Set down exactly the lines that run from the one containing "Dallas cowboys la" to the end of the material below, both included, without pictures.

━━━━━ INPUT DATA

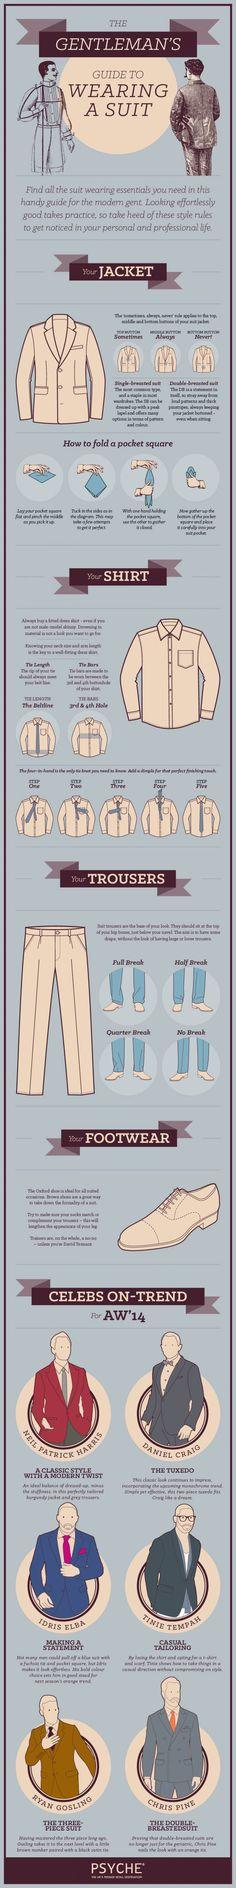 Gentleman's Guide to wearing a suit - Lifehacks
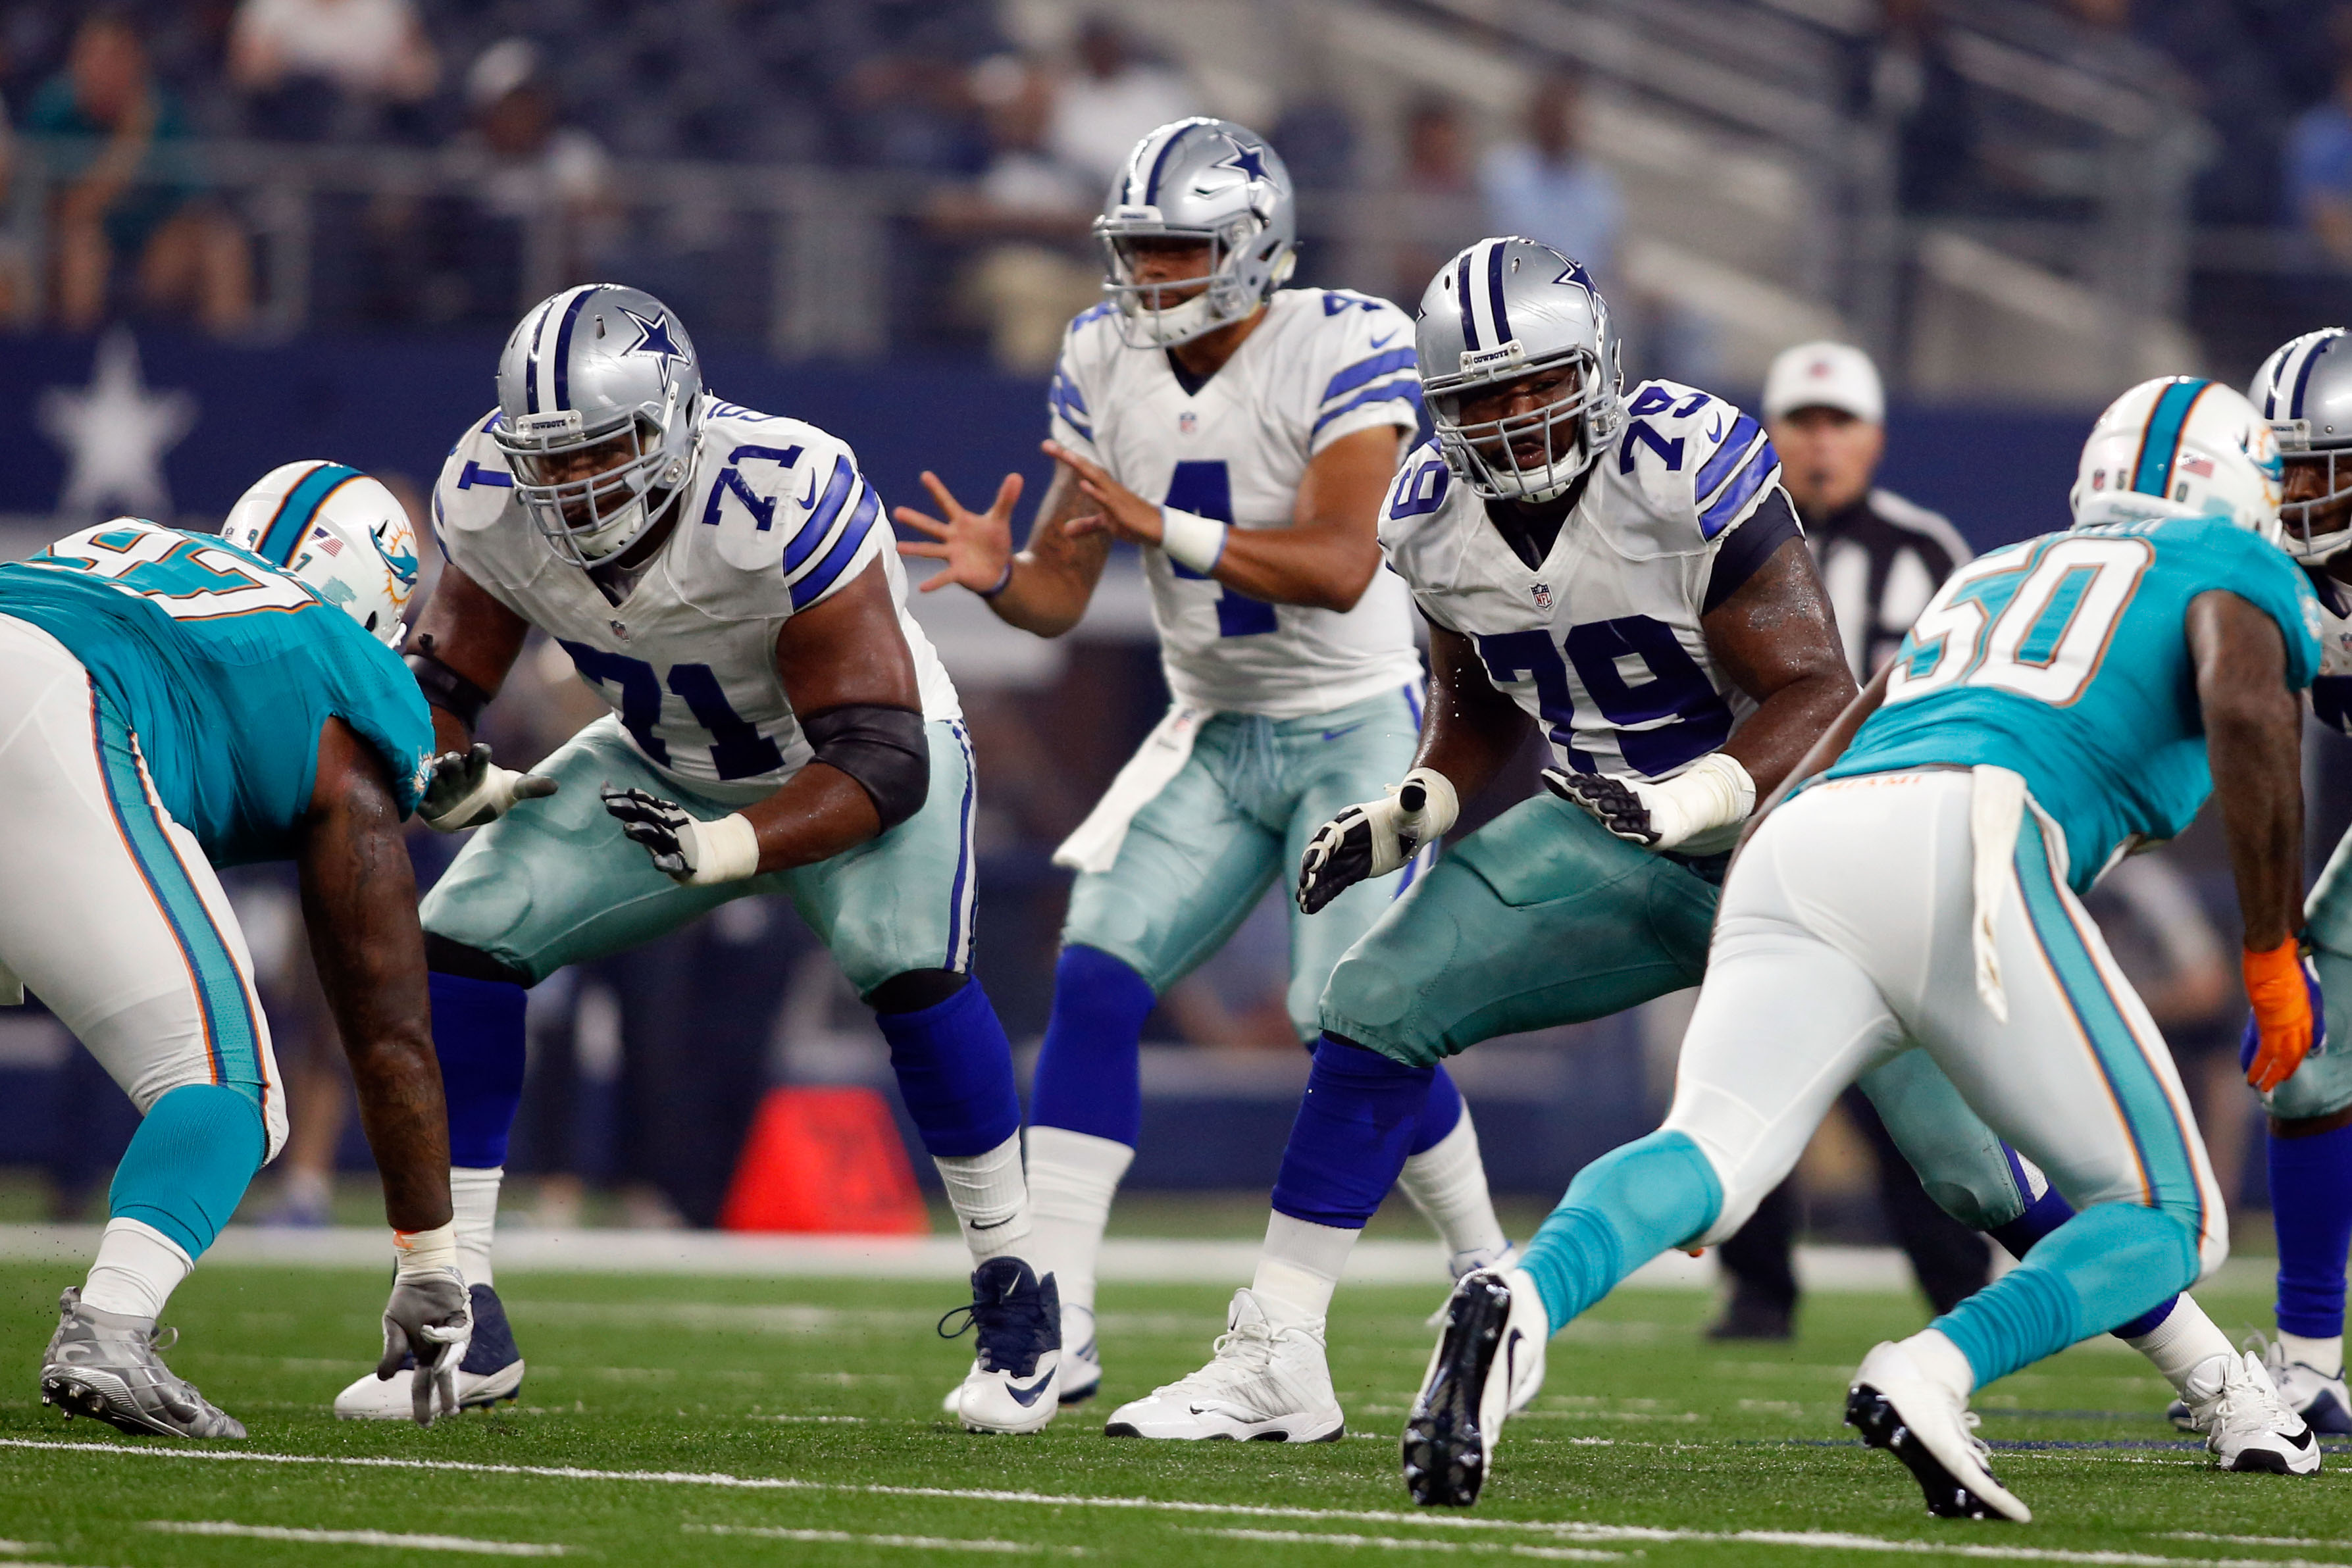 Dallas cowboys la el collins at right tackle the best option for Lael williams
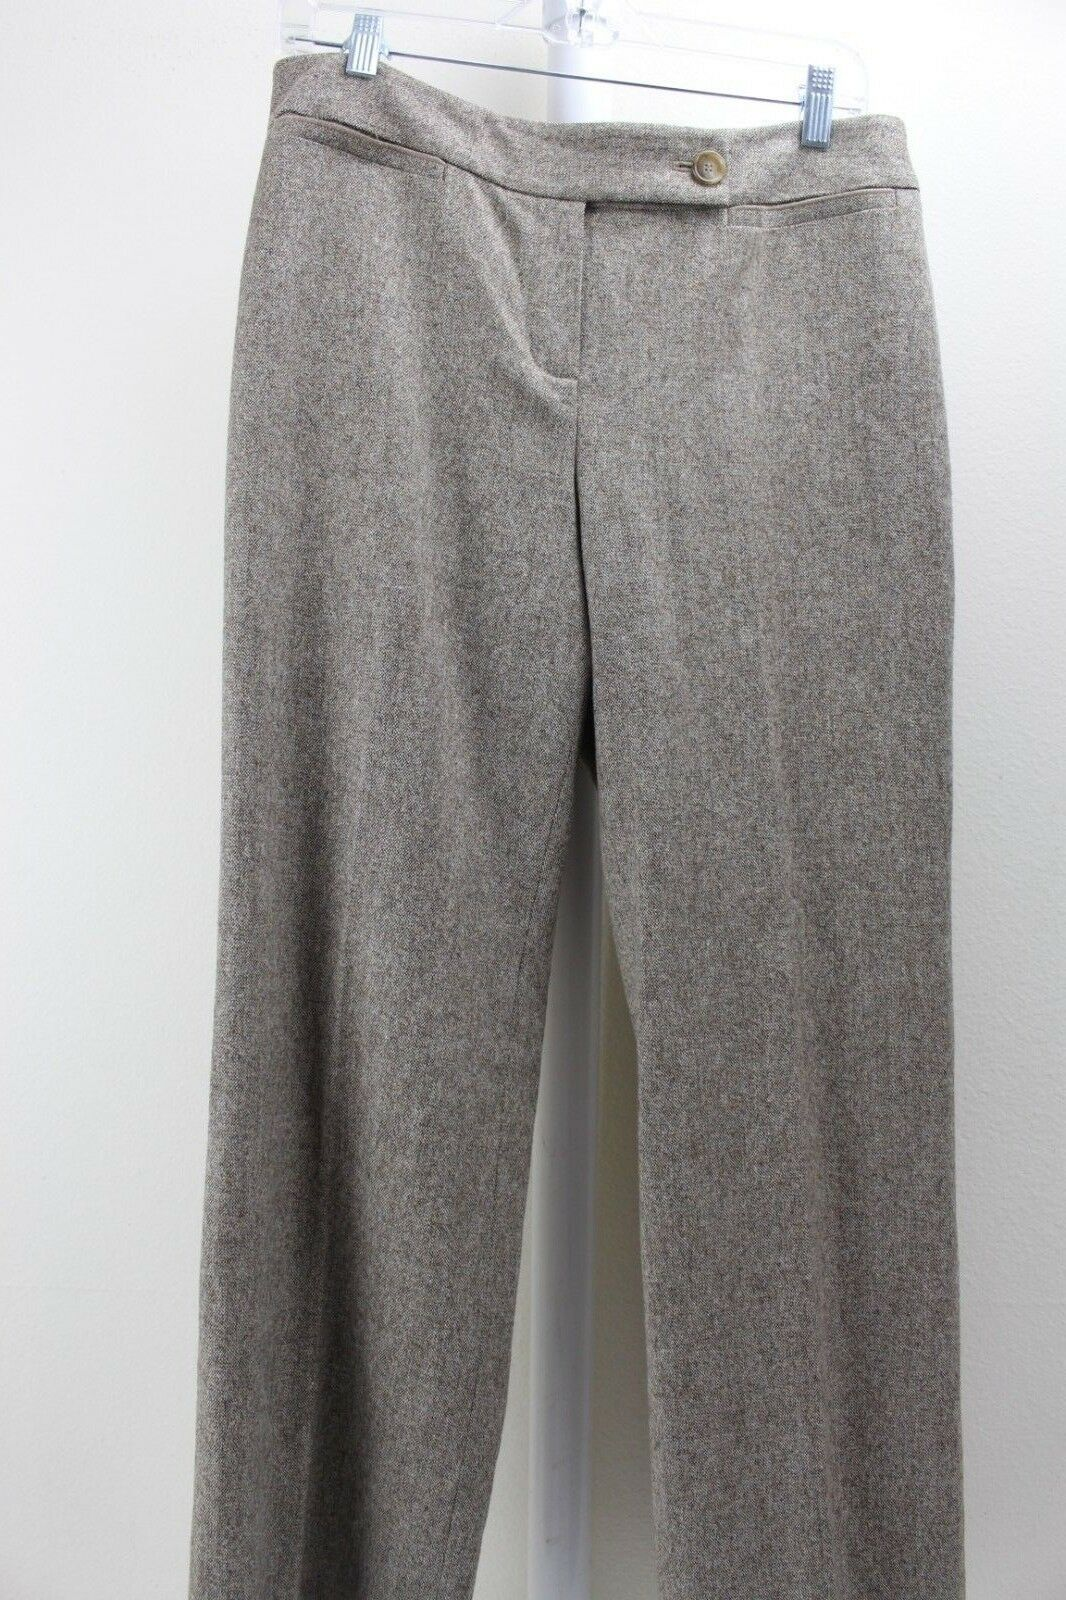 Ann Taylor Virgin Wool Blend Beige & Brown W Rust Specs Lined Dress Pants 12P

━━━━━━━━━━

RESULT FOR THIS TASK:
 Dallas cowboys la el collins at right tackle the best option for Lael williams
 Ann Taylor Virgin Wool Blend Beige & Brown W Rust Specs Lined Dress Pants 12P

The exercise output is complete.